One study evaluated a sample of 965 patients with chronic obstructive pulmonary disease (COPD); severe deficiency of AAT was found in 2 to 3 percent [35]. Extrapolating to the United States population of 2.1 million individuals with emphysema (based on the National Health Interview Survey [36]), 40,000 to 60,000 Americans would be expected to have emphysema caused by AATD.

Direct population screening studies indicate that the prevalence of individuals with the PI*Z phenotype and resultant severe deficiency of AAT ranges from one in 1575 to one in 5097 individuals [37-40]. Based upon the United States population of approximately 320 million, 80,000 to 100,000 severely AAT deficient individuals would be expected. This estimate includes both symptomatic and asymptomatic patients.

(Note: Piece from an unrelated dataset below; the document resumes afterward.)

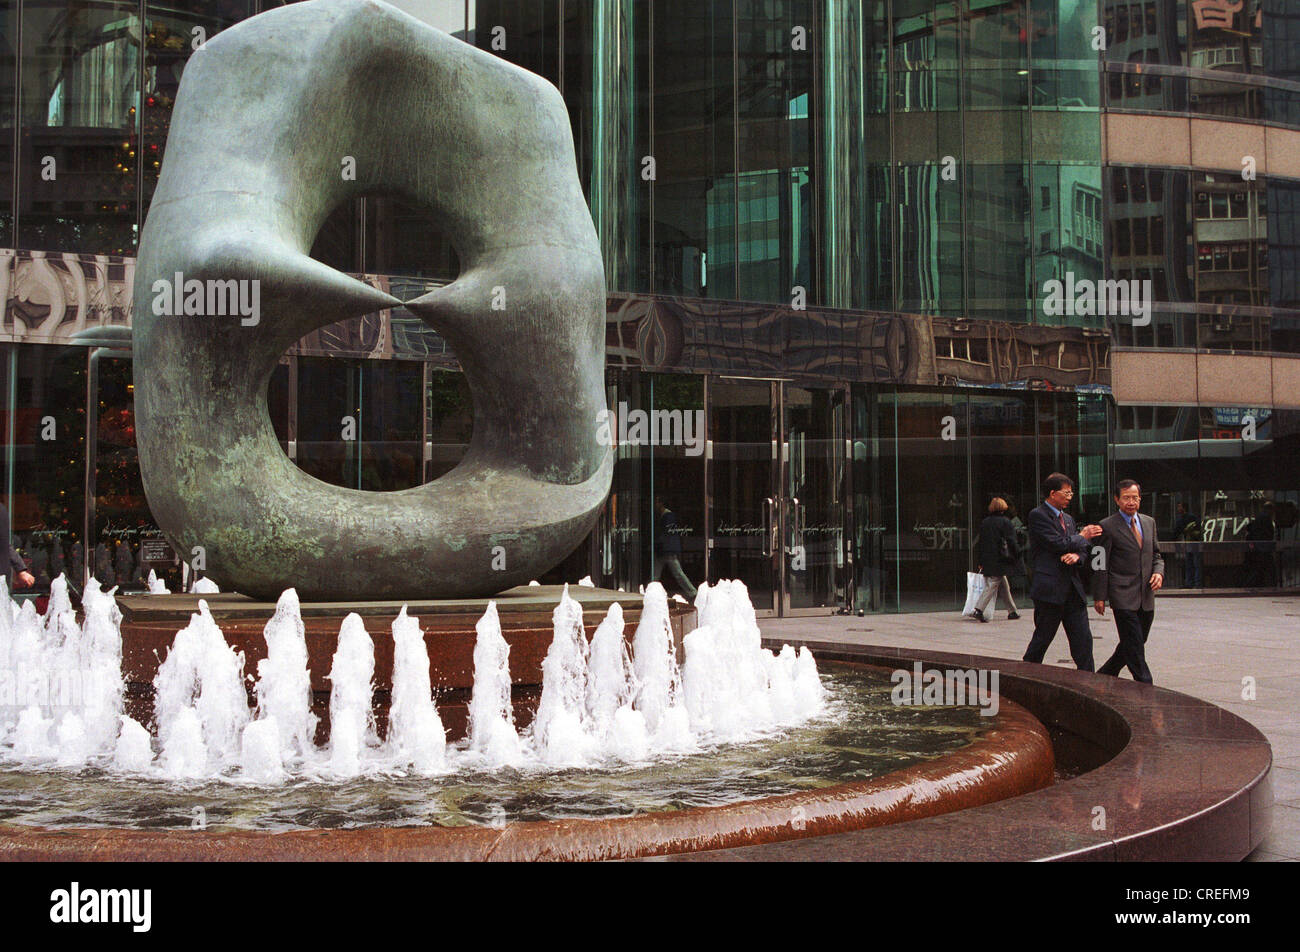 La sculpture à l'entrée principale de la Bourse de Hong Kong Banque D'Images

Unrecognized deficiency – Several studies indicate that AATD is far less familiar to many clinicians than its prevalence would suggest. Investigators in one report, for example, estimated that there were 700 PI*ZZ individuals in St. Louis, based upon sampling of 20,000 blood specimens submitted to the St. Louis blood bank; only 28 of these individuals (4 percent) had been identified [39]. Unrecognized individuals with severe deficiency of AAT probably comprise two separate groups: those with no clinical manifestations despite severe deficiency; and those with disease in whom the underlying AAT deficiency has not been recognized. The relative proportion of these two groups remains unknown.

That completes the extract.